Question

Use the given data to construct a confidence interval for the population proportion of the requested level. x=52, n=72, confidence level 99.9% Round the answer to at least three decimal places.

Answer 1

The 99.9% confidence interval for the population proportion is (0.548, 0.896).

Explanation:

In a sample with a number n of people surveyed with a probability of a success of
`\pi`, and a confidence level of
`1-\alpha`, we have the following confidence interval of proportions.

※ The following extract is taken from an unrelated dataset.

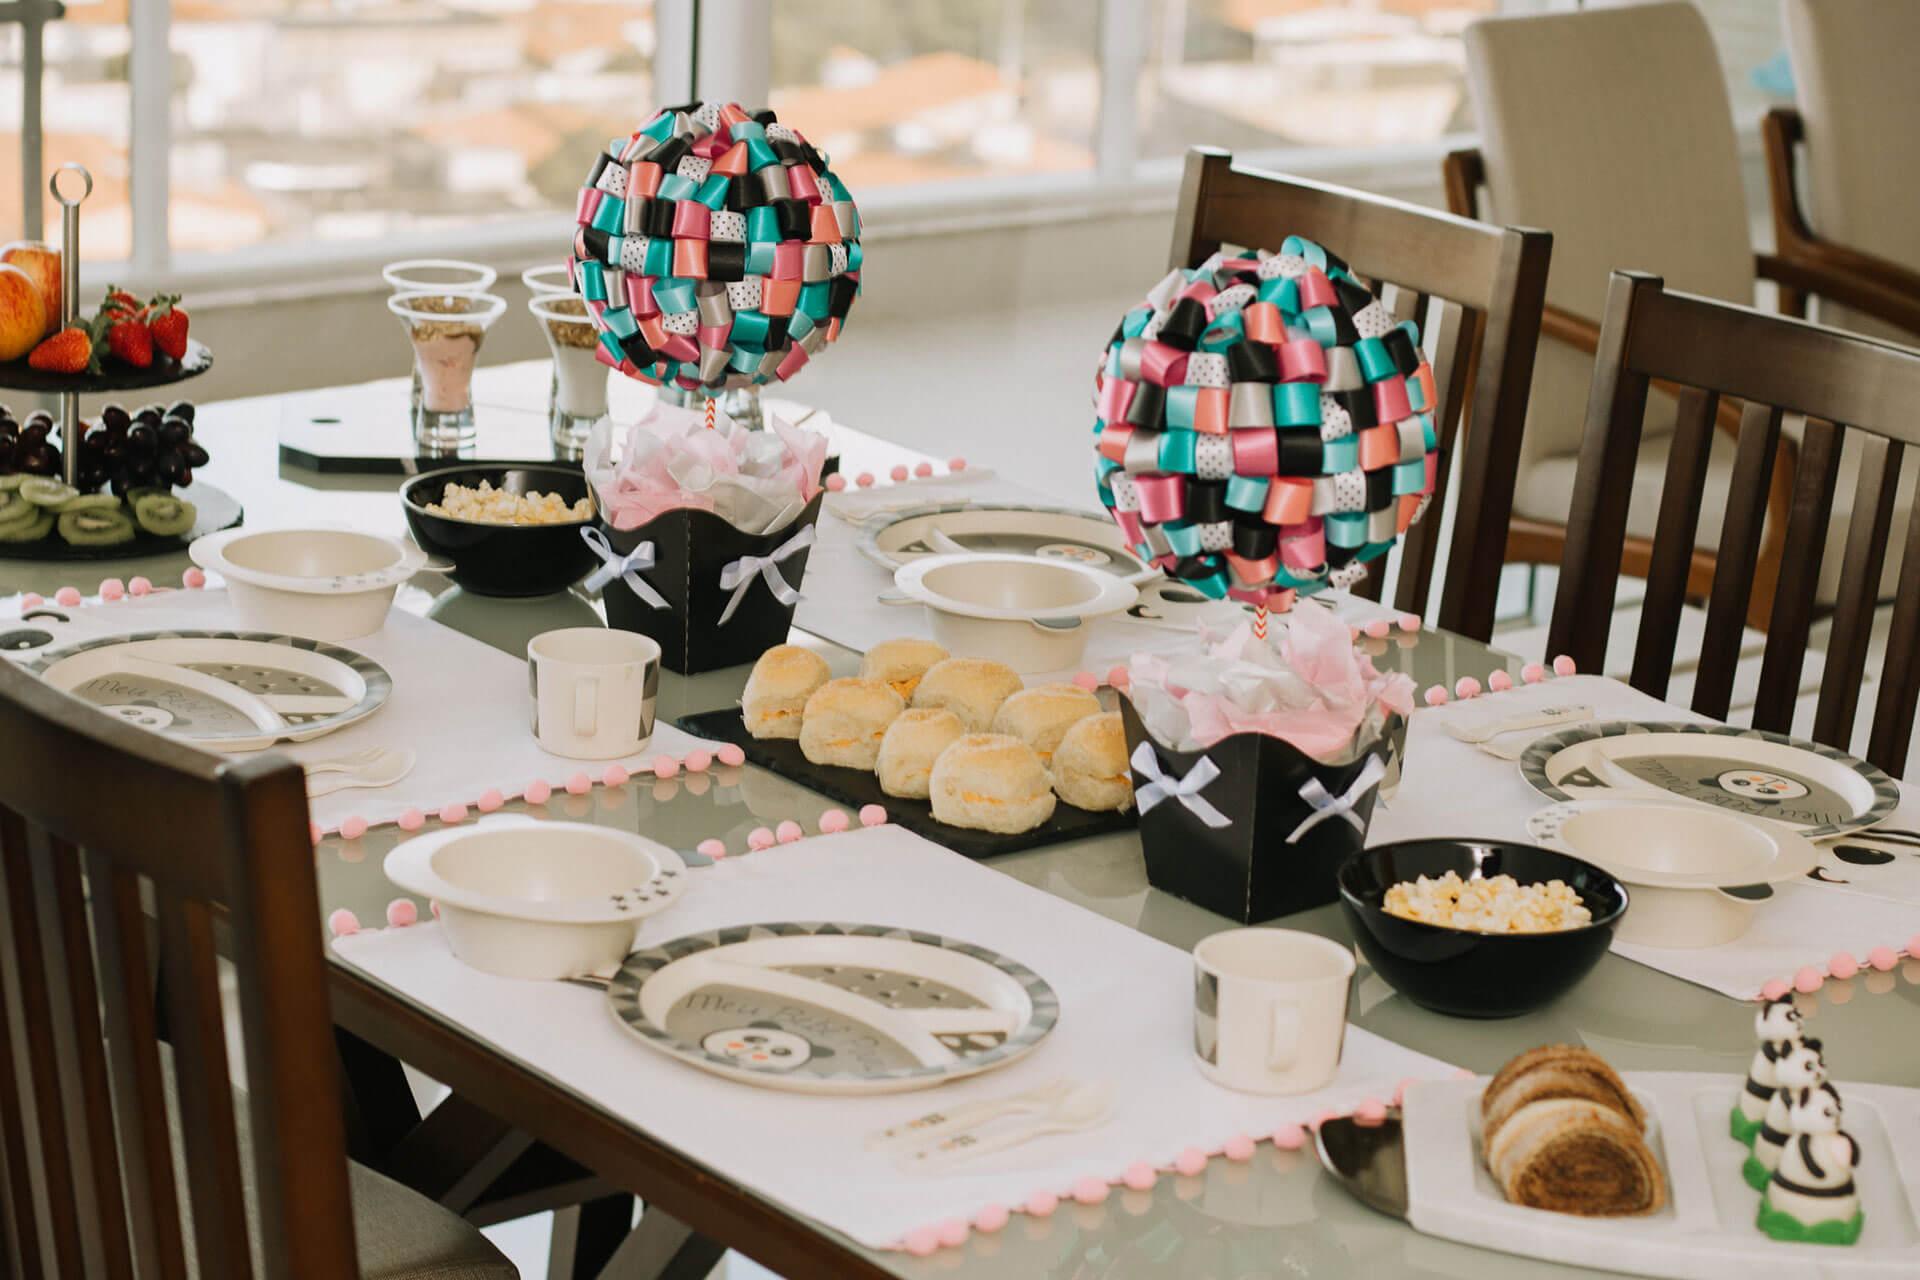 Imagem: Mesa maravilhosa para o Dia das Crianças! Foto: Amanda Melo/Blog Between Tea and Coffee.

`\pi \pm z\sqrt{(\pi(1-\pi))/(n)}`

In which

z is the zscore that has a pvalue of
`1 - (\alpha)/(2)`.

For this problem, we have that:

`n = 72, \pi = (x)/(n) = (52)/(72) = 0.722`

99.9% confidence level

So
`\alpha = 0.001`, z is the value of Z that has a pvalue of
`1 - (0.001)/(2) = 0.9995`, so
`Z = 3.29`.

The lower limit of this interval is:

`\pi - z\sqrt{(\pi(1-\pi))/(n)} = 0.722 - 3.29\sqrt{(0.722*0.278)/(72)} = 0.548`

The upper limit of this interval is:

`\pi + z\sqrt{(\pi(1-\pi))/(n)} = 0.722 + 3.29\sqrt{(0.722*0.278)/(72)} = 0.896`

The 99.9% confidence interval for the population proportion is (0.548, 0.896).